Over the past five years, The Lashes played countless local shows for no money and few people, writing and practicing songs, sharing houses, jobs, and friends together, all the while dreaming up the means by which they could make their band "the best movie ever." The zen challenge of being in a young band is learning how to have fun even when no one is paying attention. The Lashes got that part down right away, and soon, their infectious spirit started casting a spell in Seattle and beyond. Their raucous sound--a blend of catchy, anthemic, and romantic power pop in the vein of Cheap Trick, The Cars, and more obscure '70s art pop groups like The Shoes, The Raspberries, and Big Star--took shape in the interplay of Eric and Scotty's nimbly forceful guitars, Jacob's secret-weapon keys and harmonies, Nate's rock abandon, and Ben's fearless, hooktastic vocals. And it goes without saying that you can't be a great rock band without a great drummer. Mike is The Lashes' eleventh drummer, and the thunder and finesse of his rhythmic intensity proves that the wait was well worth it.

The shows were getting better.

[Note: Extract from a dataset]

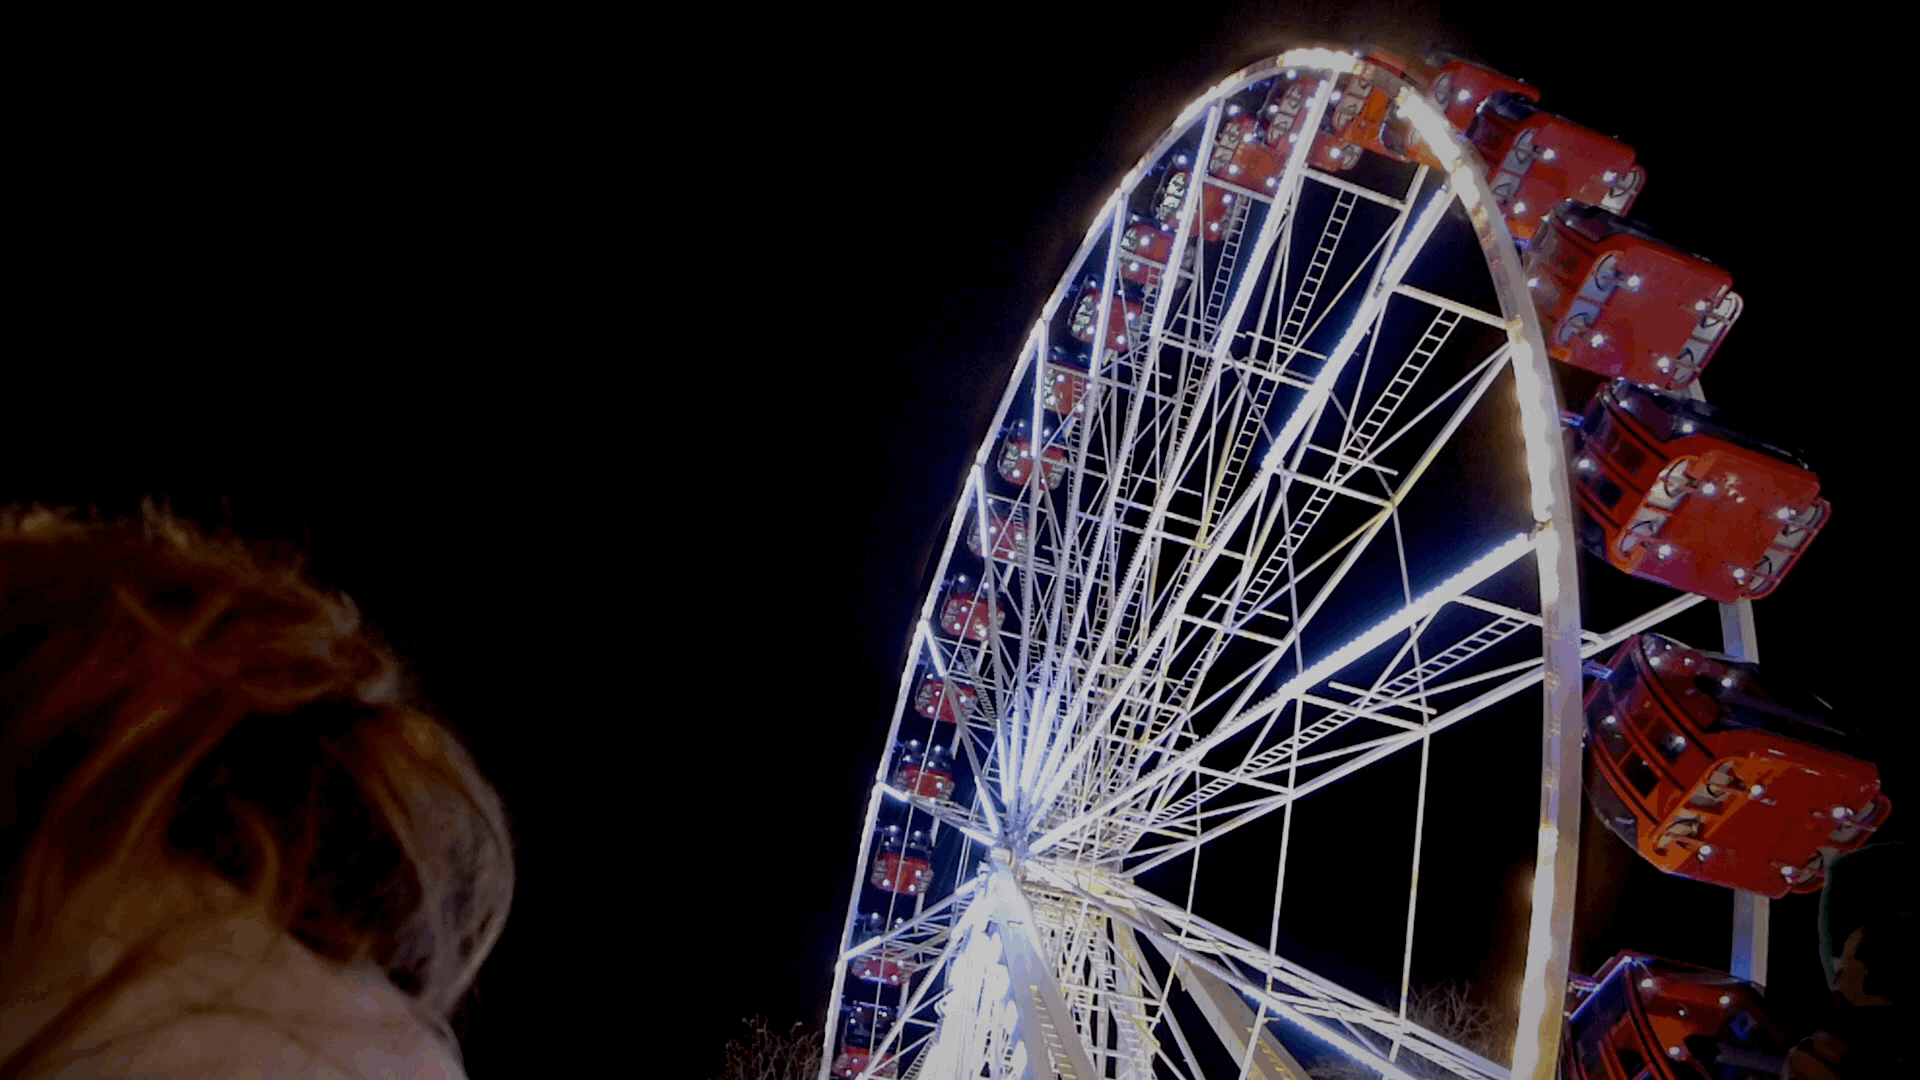 View, Download, Rate, and Comment on this Ferris Wheel Gif. gif,gifs,animat...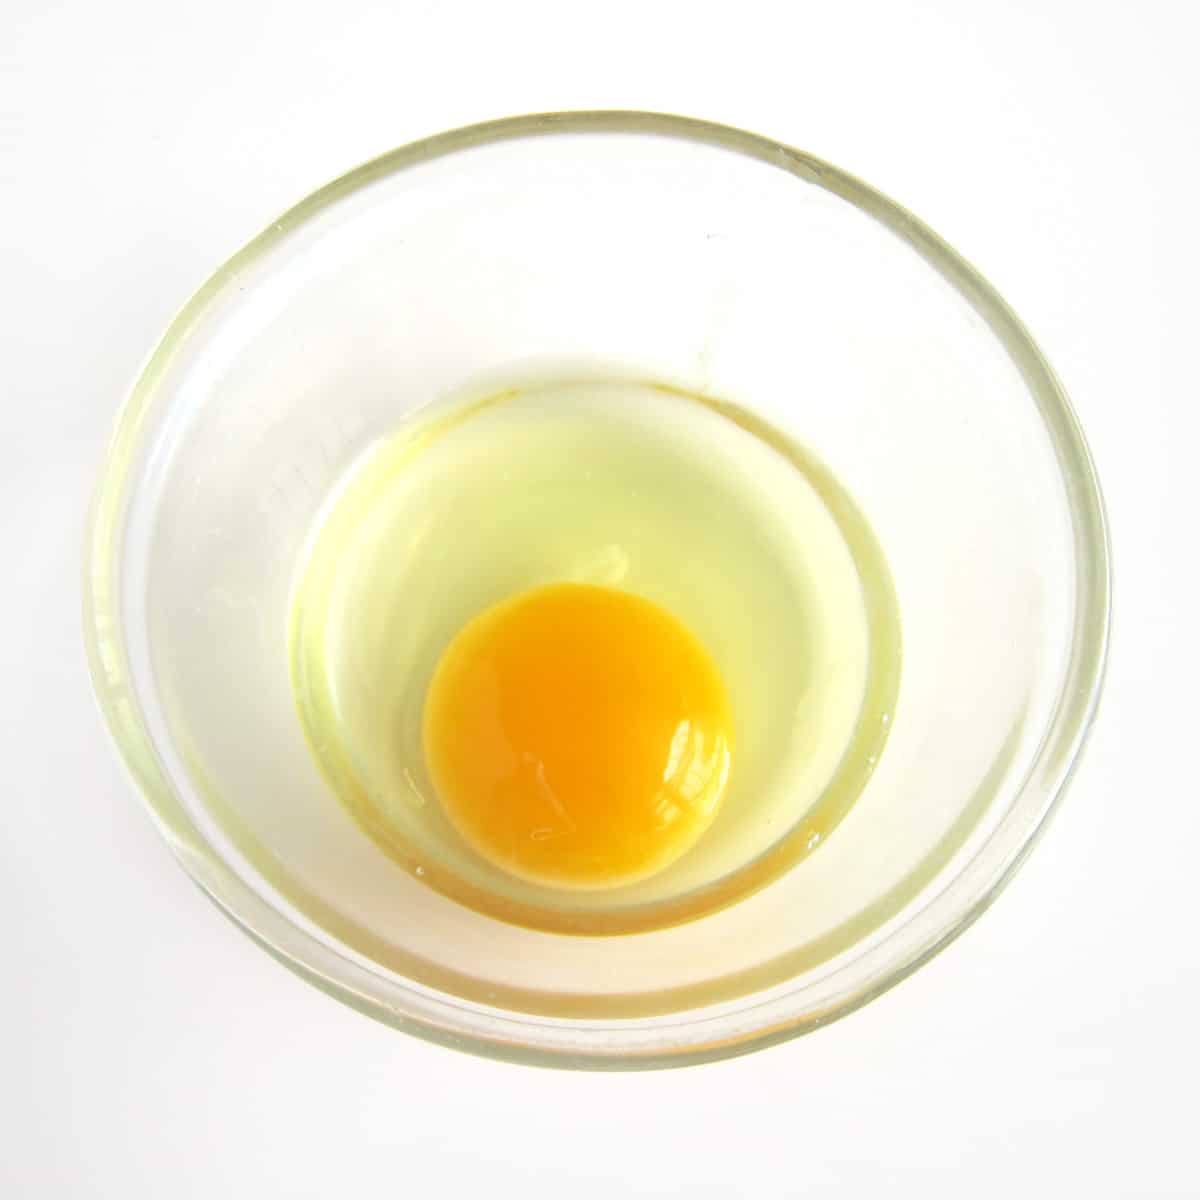 Egg in a small bowl.

The word was starting to spread. Things were starting to make sense.

But it required a fluke of electricity for The Lashes to really get their shit together.

Midway through a Lashes set at Seattle's Crocodile Café, in early 2003, when the band was still a four piece, with Ben still playing guitar as well as singing, the amp he was playing through exploded in the middle of a song. Not shorted out. Not "failed." Exploded. Burst into flames. (We have witnesses.) It was a moment of truth that might have destroyed a lesser band. Instead, a lead singer was born. Ben threw down his blue '66 Fender Mustang, grabbed the mic, and performed the rest of the show for all he was worth. (To this day, Scotty plays the fabled Fender Mustang handed down to him from Ben.) The response from the band's devout audience was overwhelming. A few months later, the current six-piece line-up (two guitars, bass, keys, drums, and singer) was firmly in place, and after years spent cultivating a loyal following, these swaggering, drunken, gifted underachievers knuckled down and got serious--not too serious, but still... The results have been staggering.